Lift out, unaltered, the lines of the material below between the line holding "Kendall Jenner Quote" and the line holding "STEAM Life Kids", counting both.
Given information START
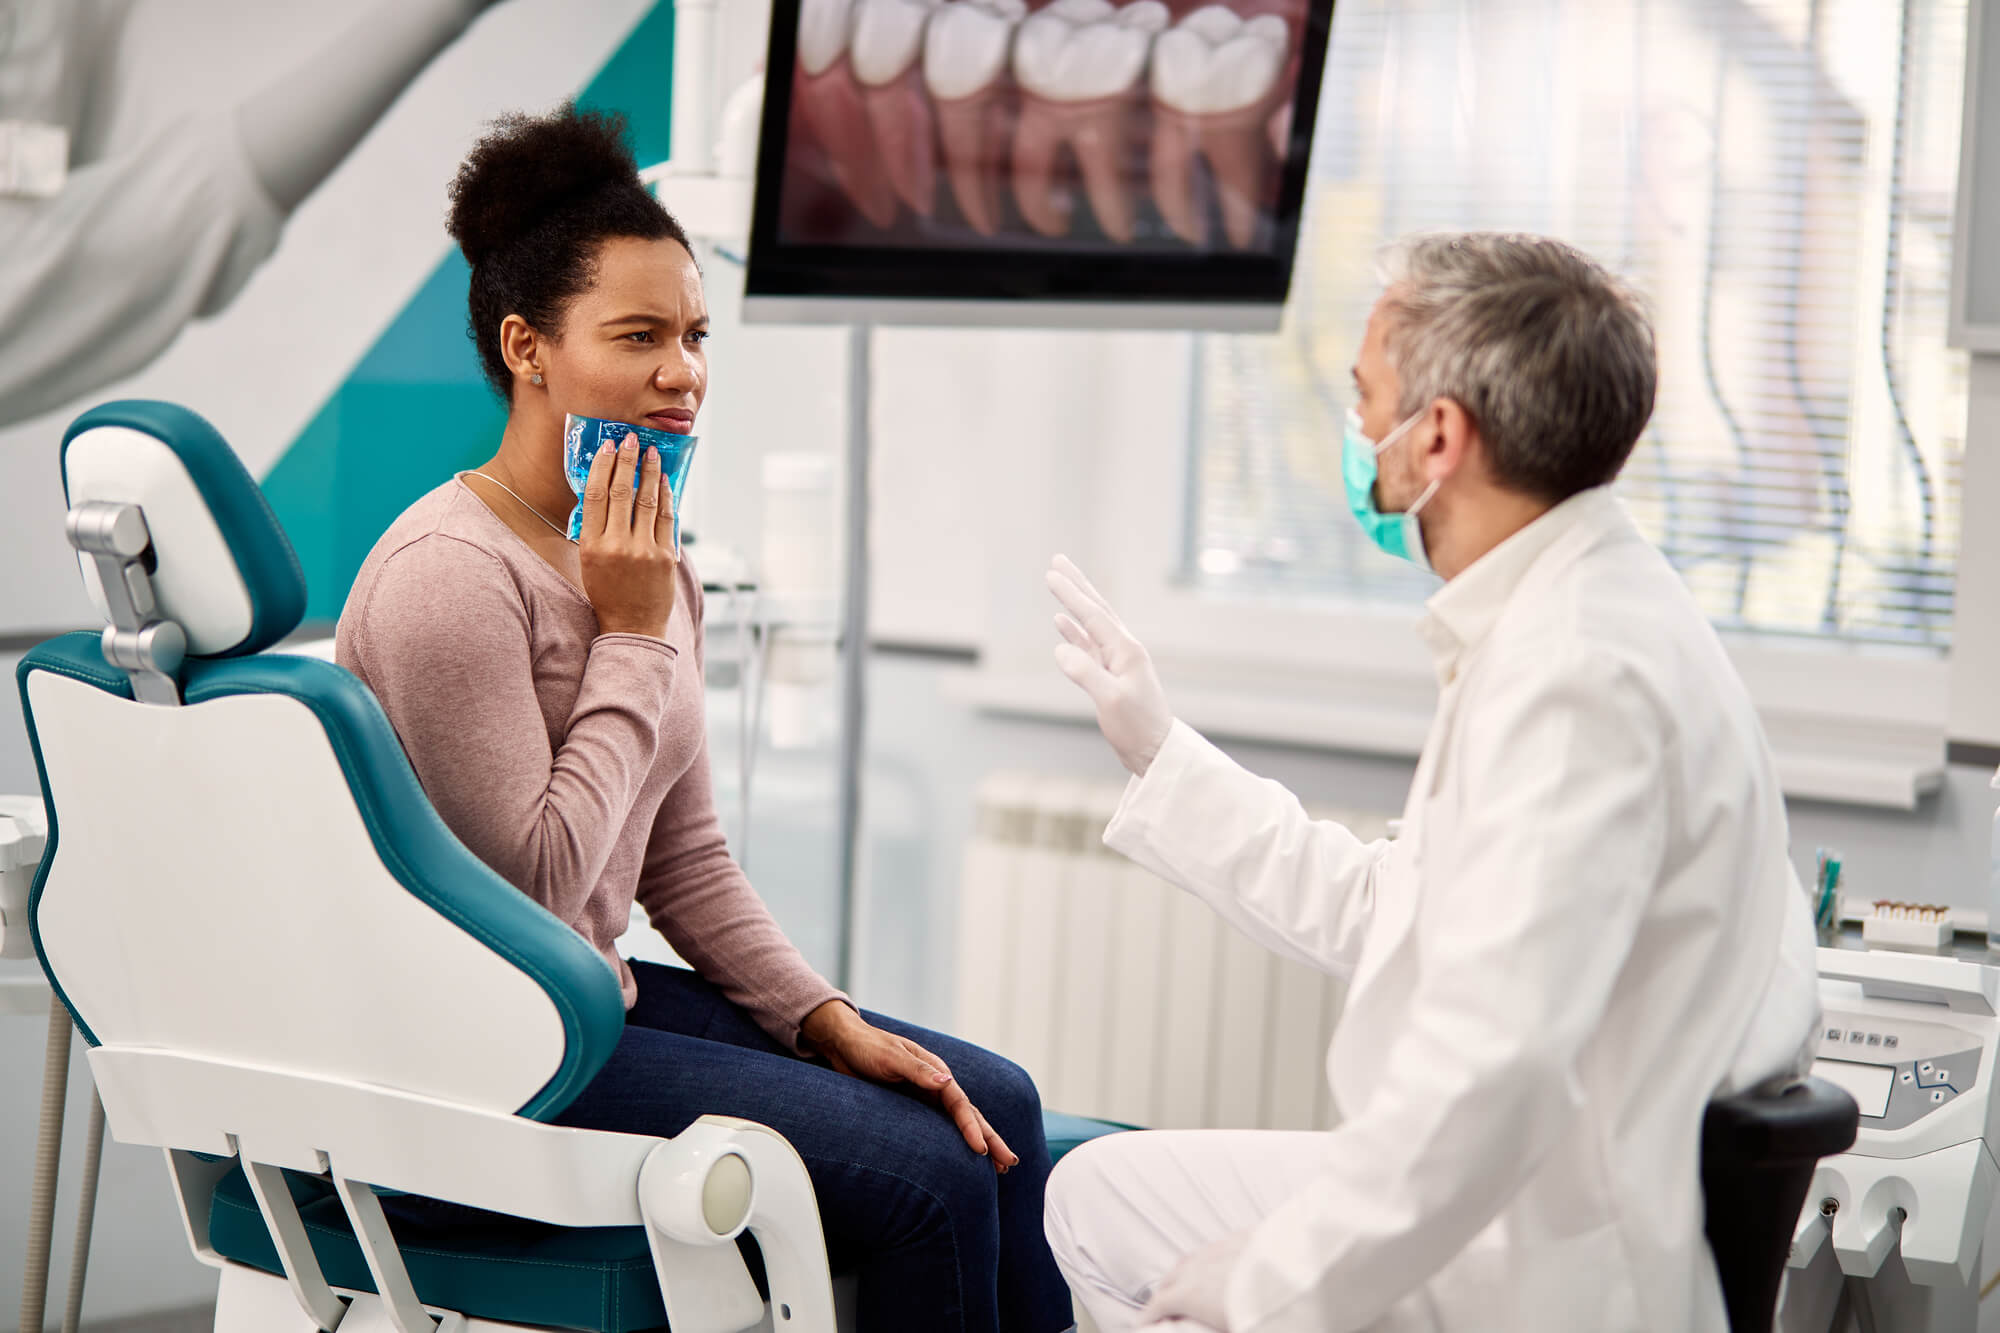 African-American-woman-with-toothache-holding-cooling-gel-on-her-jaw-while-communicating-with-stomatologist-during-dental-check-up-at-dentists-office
Given information END
Given information START
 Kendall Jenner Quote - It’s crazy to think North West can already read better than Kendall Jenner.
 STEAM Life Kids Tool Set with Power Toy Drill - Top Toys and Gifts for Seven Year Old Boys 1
Given information END
Given information START
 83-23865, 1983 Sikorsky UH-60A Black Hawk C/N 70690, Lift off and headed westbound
Given information END
Response to the exercise:
 Kendall Jenner Quote - It’s crazy to think North West can already read better than Kendall Jenner.
 STEAM Life Kids Tool Set with Power Toy Drill - Top Toys and Gifts for Seven Year Old Boys 1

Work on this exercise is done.